| Exercise instructions |
Copy each line below as it stands, but skip any picture it contains.

| Data |
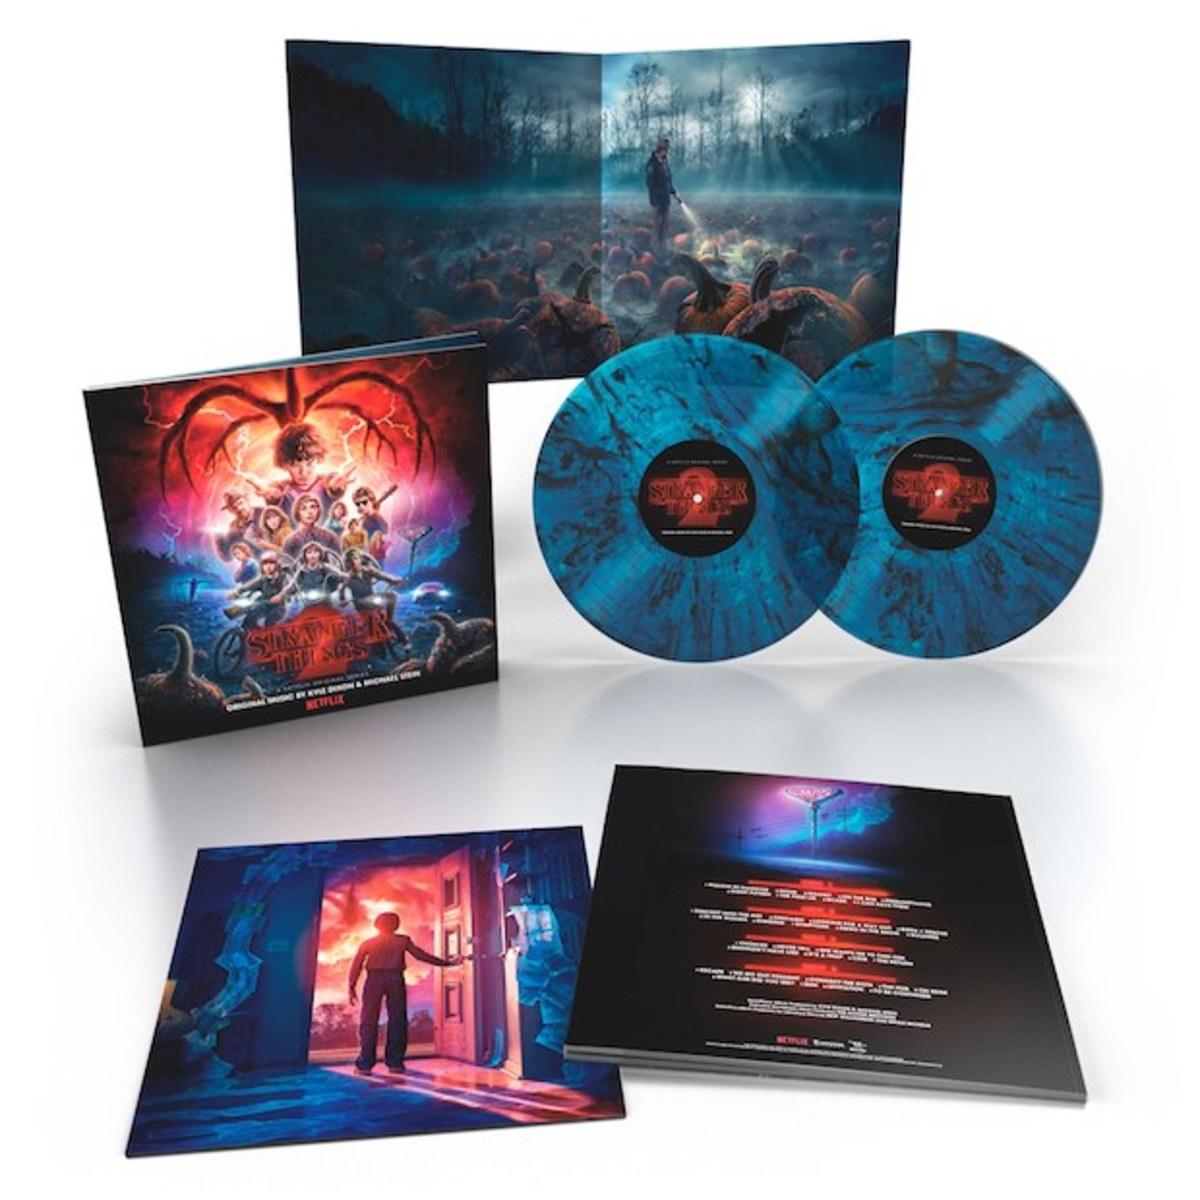 Stranger Things Soundtrack Season 2 Box Set
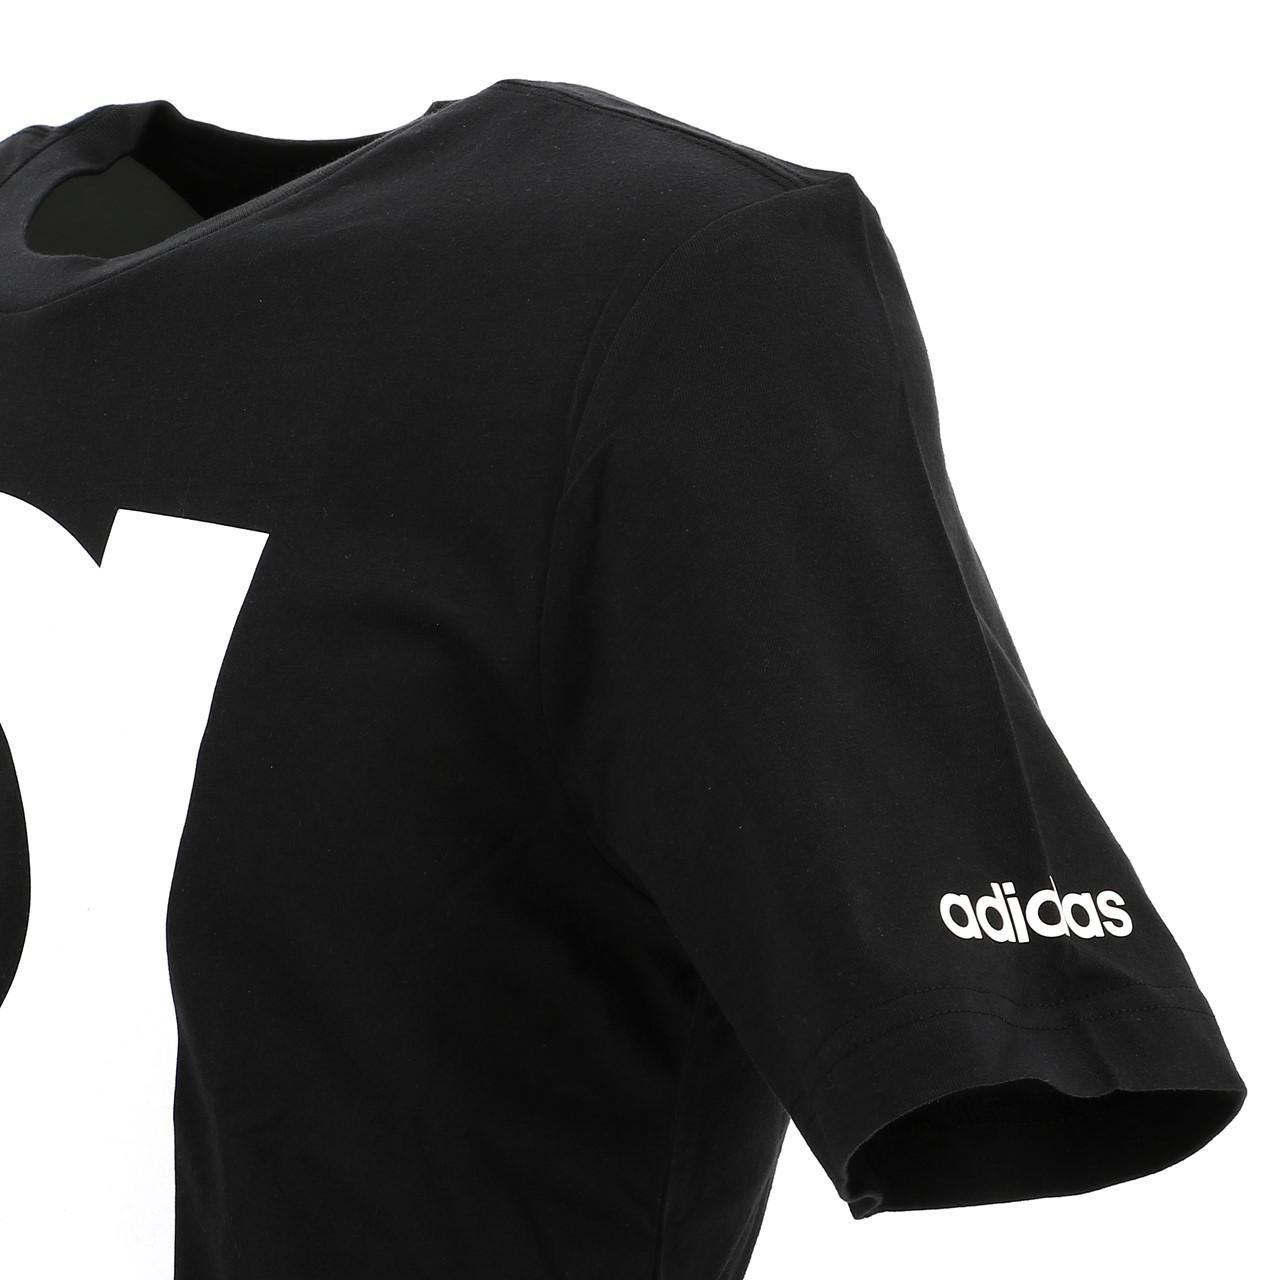 Short-Adidas-Brand-Black-Mc-Tee-Black-18283-New thumbnail 3
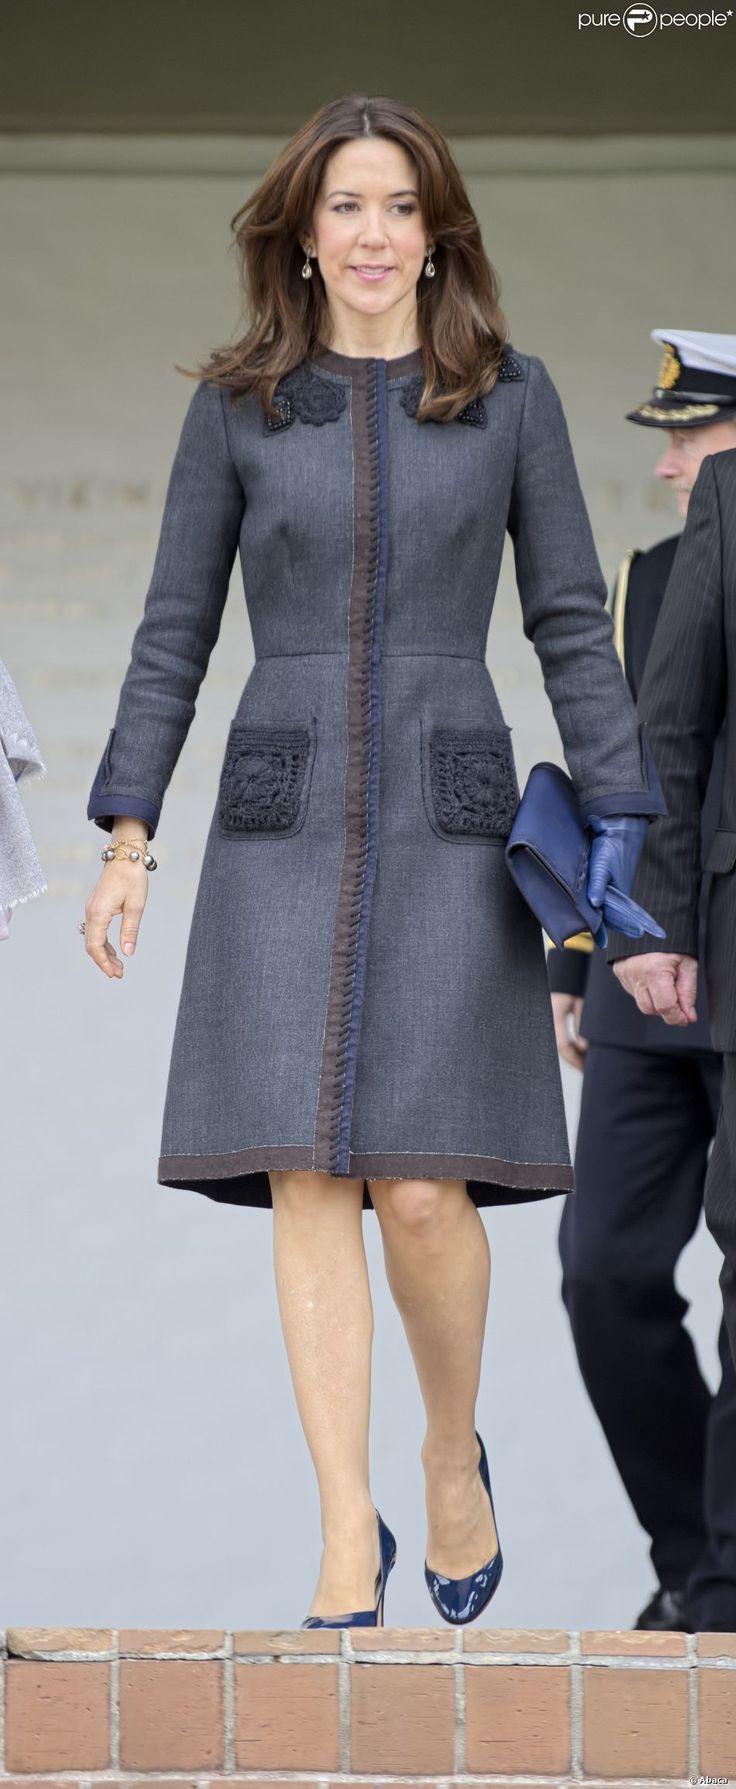 Navy and gray coat dress on Crown Princess Mary of Denmark
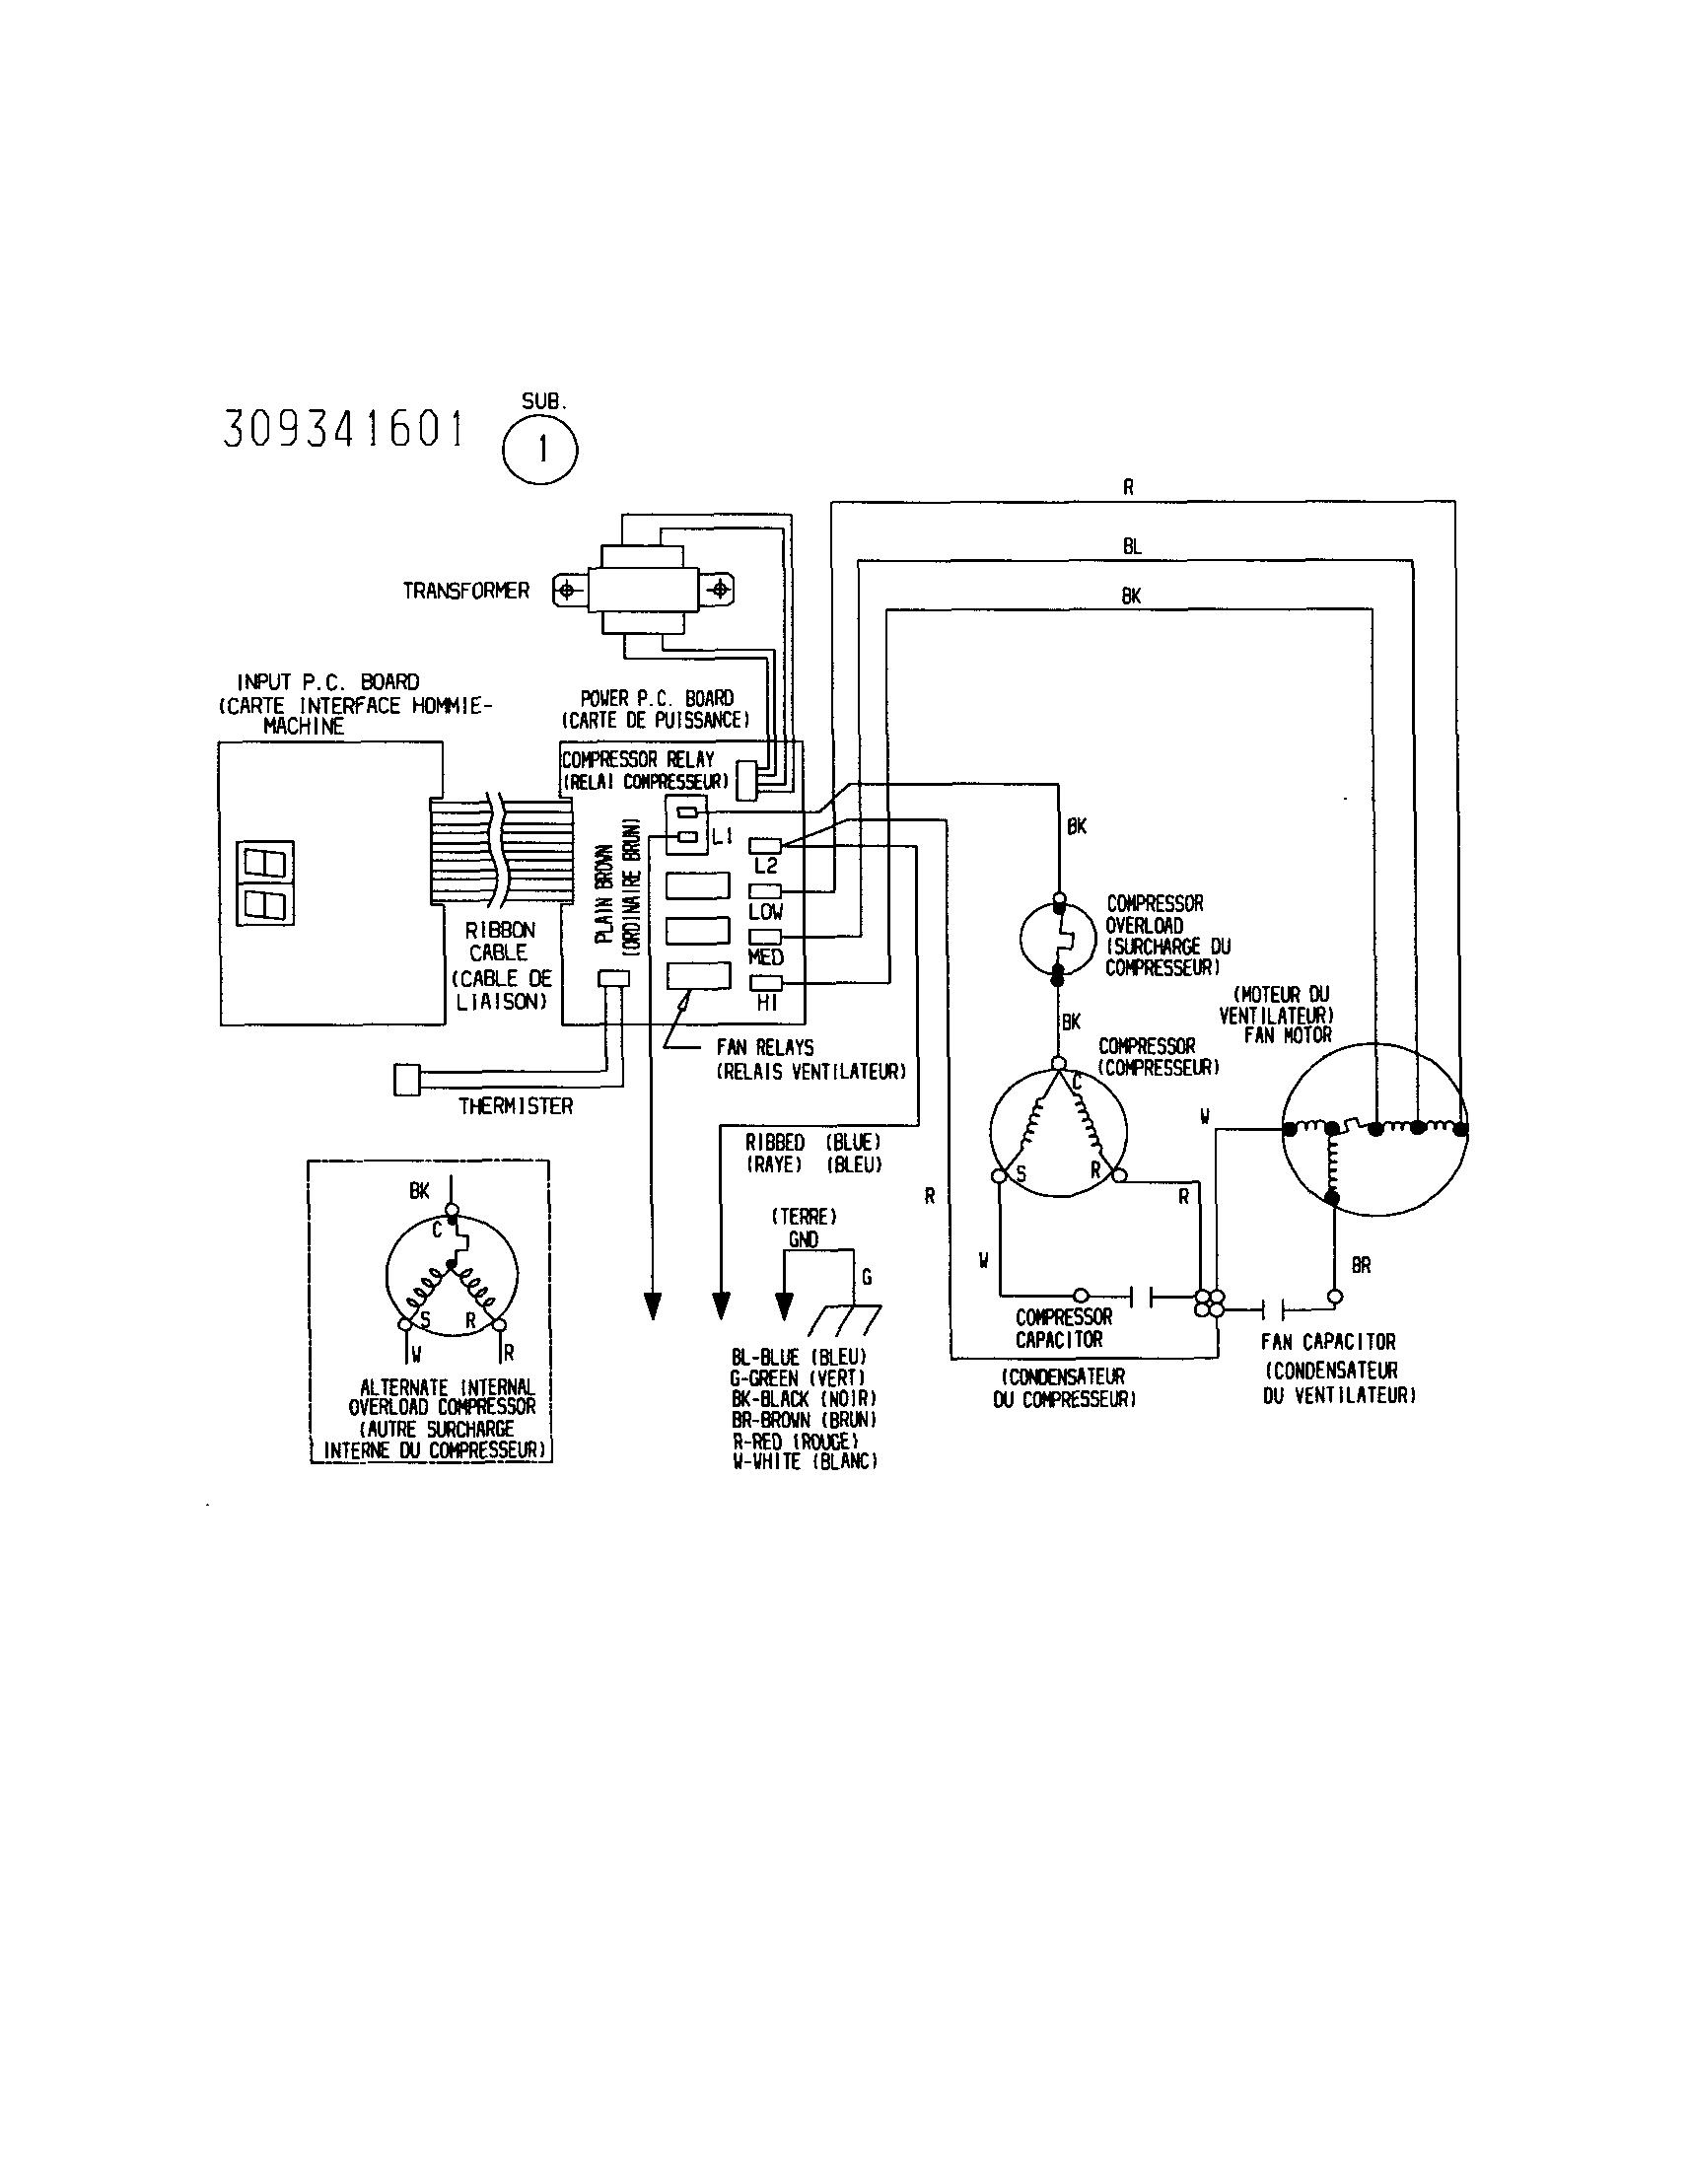 alternating rib relay wiring diagram free download schneider alternating relay wiring diagram Pump Alternating Relay Circuit

| Completed task |
 Stranger Things Soundtrack Season 2 Box Set
 Short-Adidas-Brand-Black-Mc-Tee-Black-18283-New thumbnail 3
 Navy and gray coat dress on Crown Princess Mary of Denmark
 alternating rib relay wiring diagram free download schneider alternating relay wiring diagram Pump Alternating Relay Circuit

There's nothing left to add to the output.